Можно сказать, что эллиптическое повествование в своих крайних проявлениях вызывает ощущение шизофрении, и это прекрасно описывает японских фотографов эпохи Provoke с их радикальной деконструкцией нарратива — поток сознания, доведенный до логического завершения, это почти конец нарратива. Тем не менее, поскольку даже неповествование предполагает повествование, в книгах Provoke, был сильный повествовательный мотив, пусть и косвенный. Этим мотивом было определенное настроение, тональность, если хотите, часто выражавшаяся в чувстве нарциссического бунта и экзистенциального отчуждения, но в основе этого лежало какое-то шизофреническое отношение ко всему американскому, дуальность любви-ненависти, которая колебалась между принятием американской поп-культуры и националистической ярость по поводу наследия Хиросимы и Нагасаки.
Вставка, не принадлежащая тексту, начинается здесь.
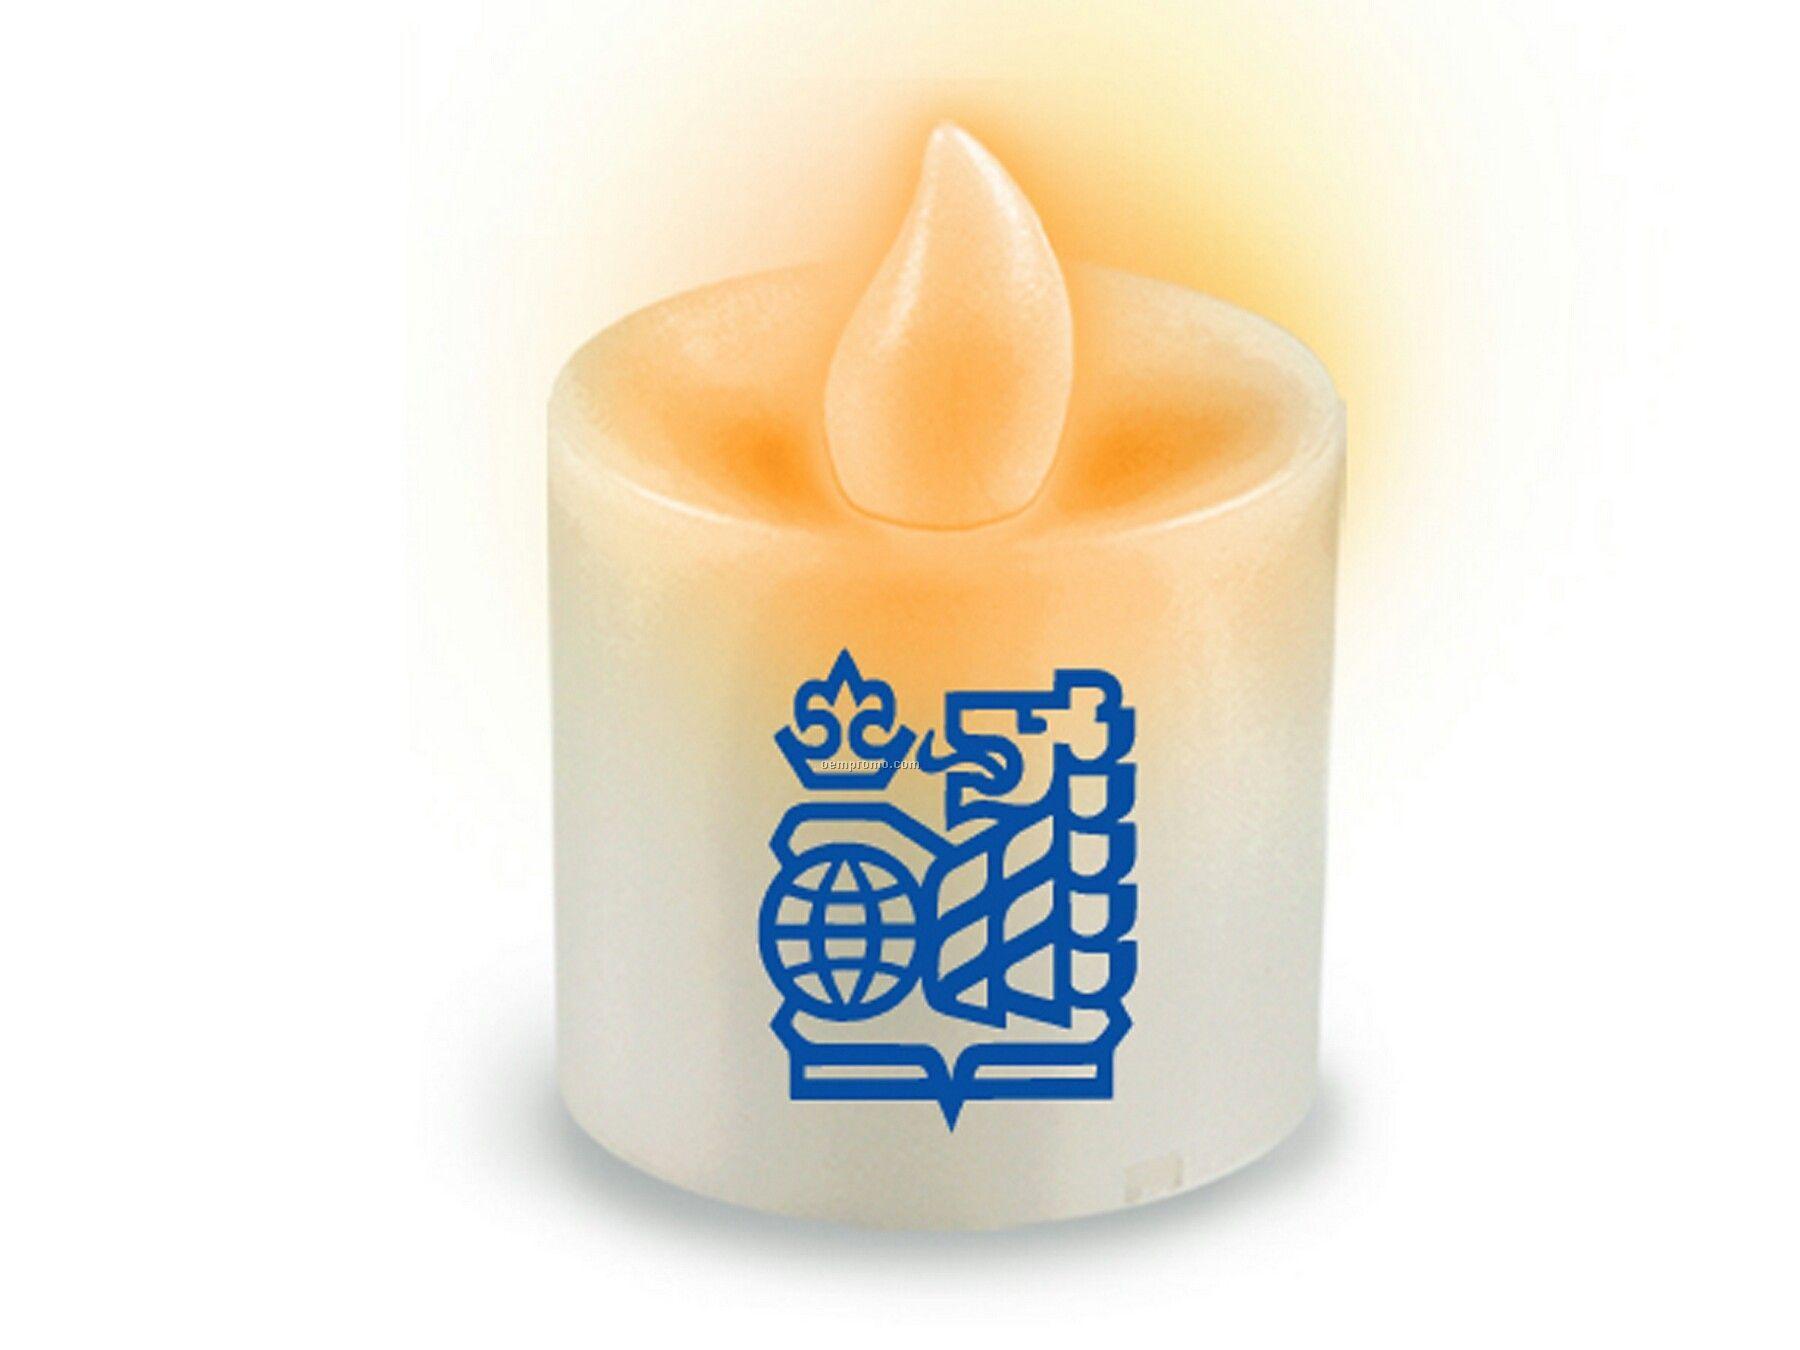 Votive LED Candle - Flickering Amber LED Flame

Фрагментарное повествование идеально подходило для выражения этой зачастую крайней двойственности, но некоторые книги Provoke шли еще дальше и нападали на саму физическую форму книги, — например, «Карта» Кикудзи Кавады («Chizu», 1965).[11] «Карта» — это идеальная фотокнига-объект, сочетающая типично японское внимание к искусству изысканной упаковки с прямолинейными фотографиями, текстом и типографикой — настоящий фототекст. Эта книга построена как серия многослойных раскладок, которые разворачиваются, а затем отделяются, как археологические пласты. Изображения или части изображений можно рассматривать по отдельности или вместе, поэтому зрителю предлагается составить собственное повествование, элементы которого носят весьма умозрительный характер, хотя очевидно, что центральное событие, бомбардировка Хиросимы, является основным лейтмотивом.[12] Но здесь также вполне очевиден и парадоксальный взгляд на американскую поп-культуру. Интерактивный характер книги, а именно то, чего она требует от зрителя, заставляет вспомнить, что в том же году итальянский режиссер Пьер Паоло Пазолини в своем эссе «Поэтическое кино» утверждал, что субъективность фильма сделала его просмотр очень личным опытом для каждого из сидящих в зале, и тем самым наполнила фильм множеством повествований.
Еще одна книга эпохи Provoke, в которой повествование как бы запаковано, — это «В сторону города» Ютаки Таканаси («Toshi e», 1974).[13] Это две книги в одной коробке. Поскольку здесь даже сама коробка вносит вклад в повествование, читателя ждет еще один насыщенный интерактивный опыт. Повествование представляет собой смесь дневникового подхода с кинематографическим; небольшая книжка на дне коробки укладывает в привычное представление о потоке сознания в духе Provoke, в то время как основная книга использует кинематографическую стратегию повторения почти одинаковых снимков — эдаких стоп-кадров.
Конечно, в любом разговоре об эллиптическом повествовании и фотокнигах нельзя обойти вниманием главную книгу эпохи Provoke, — книгу, которая отбросила почти все представления о связном повествовании, наряду с техникой и вообще любой определенностью, кроме ощущения, что все это она проделывает блестяще и превращает заряженный энергией нигилизм в сложный язык. «Прощай, фотография» Дайдо Мориямы («Shashin yo Sayonara», 1972)[14] доводит всё, — не только повествование, — до границы бессвязности, не скатываясь в бессвязность как таковую.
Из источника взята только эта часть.